The sun was high. The breeze smelled fresh. Peasants in the prosperous fields to either side of the great highroad, the Via Ostiensis, saluted as I passed. I expect they thought I was a noble, since I traveled with a dozen porters lugging my baggage in a file behind the chair. I was not a noble yet, but when I traveled this road again, going the other way, I would be.
We descended the green plain. The seven Roman hills were replaced by melon groves, then with the glimmering roofs of the port that served Rome. A field of sails sprang up on the blue Tyrrhenian Sea ahead. My heart grew heavier.

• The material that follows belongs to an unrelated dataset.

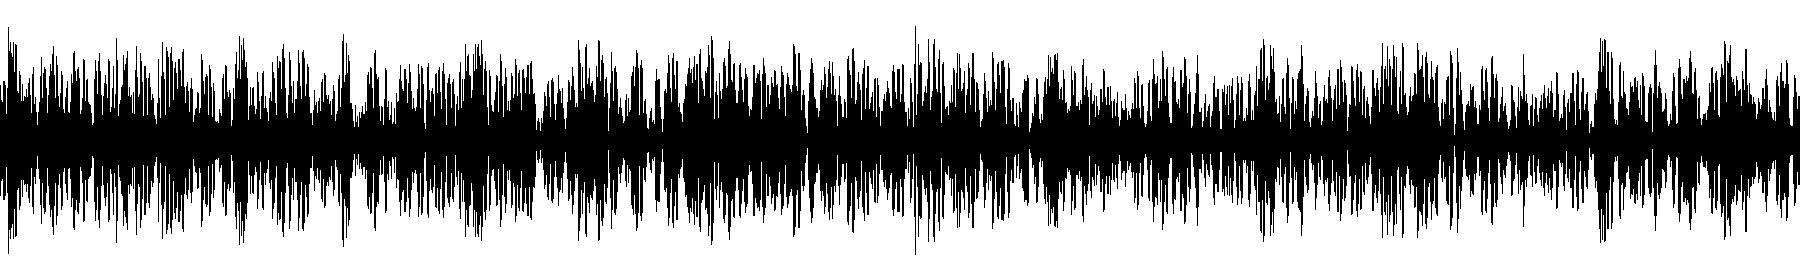 blbc cinedrums b fx 95 03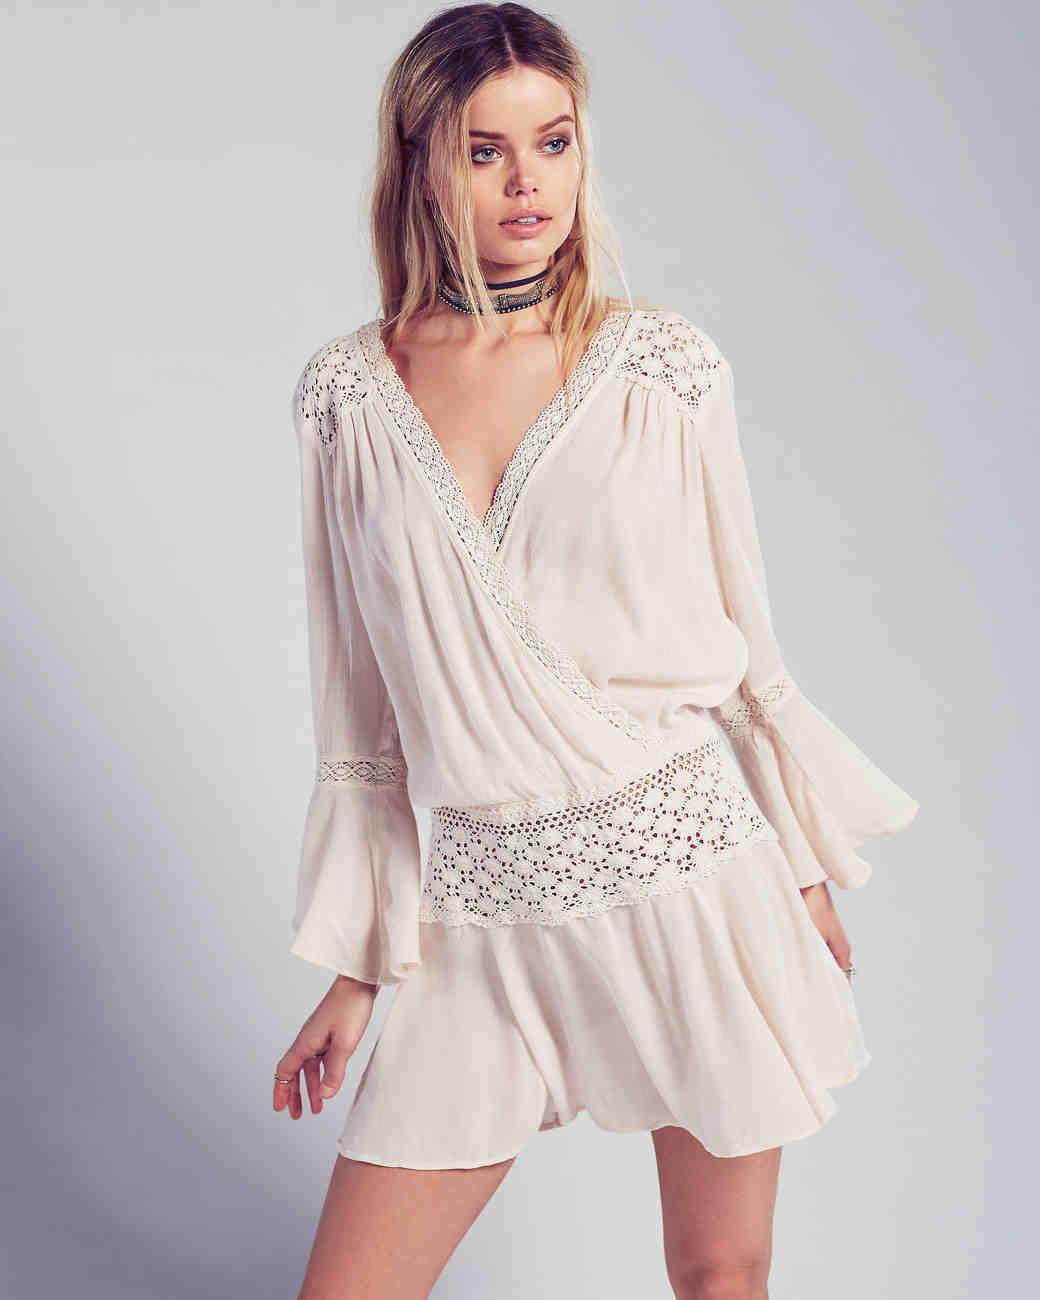 bachelorette-party-dress-free-people-bella-mini-0416.jpg

Would the exile really be brief? Or was there yet another snare waiting somewhere?
Near the outskirts of Ostia a group of people had gathered alongside the road to shout my name. “Vale, Cassius! Good luck! A safe journey to the famous bestiarius!”
TheActa Diurna had carried a lengthy notice about my departure to the African provinces to bring back a menagerie for the Cassian School. Quite a crowd had seen me off in Rome. My spirits rose a little. Perhaps Nero merely wanted me out of Latium for a year or so, until the shock of Agrippina’s death passed. The Emperor had retired to his villa at Naples, ostensibly grief-stricken. The populace believed otherwise. I had seen one or two ugly lampoons circulated.
The anonymous authors clearly named him the murderer of his mother.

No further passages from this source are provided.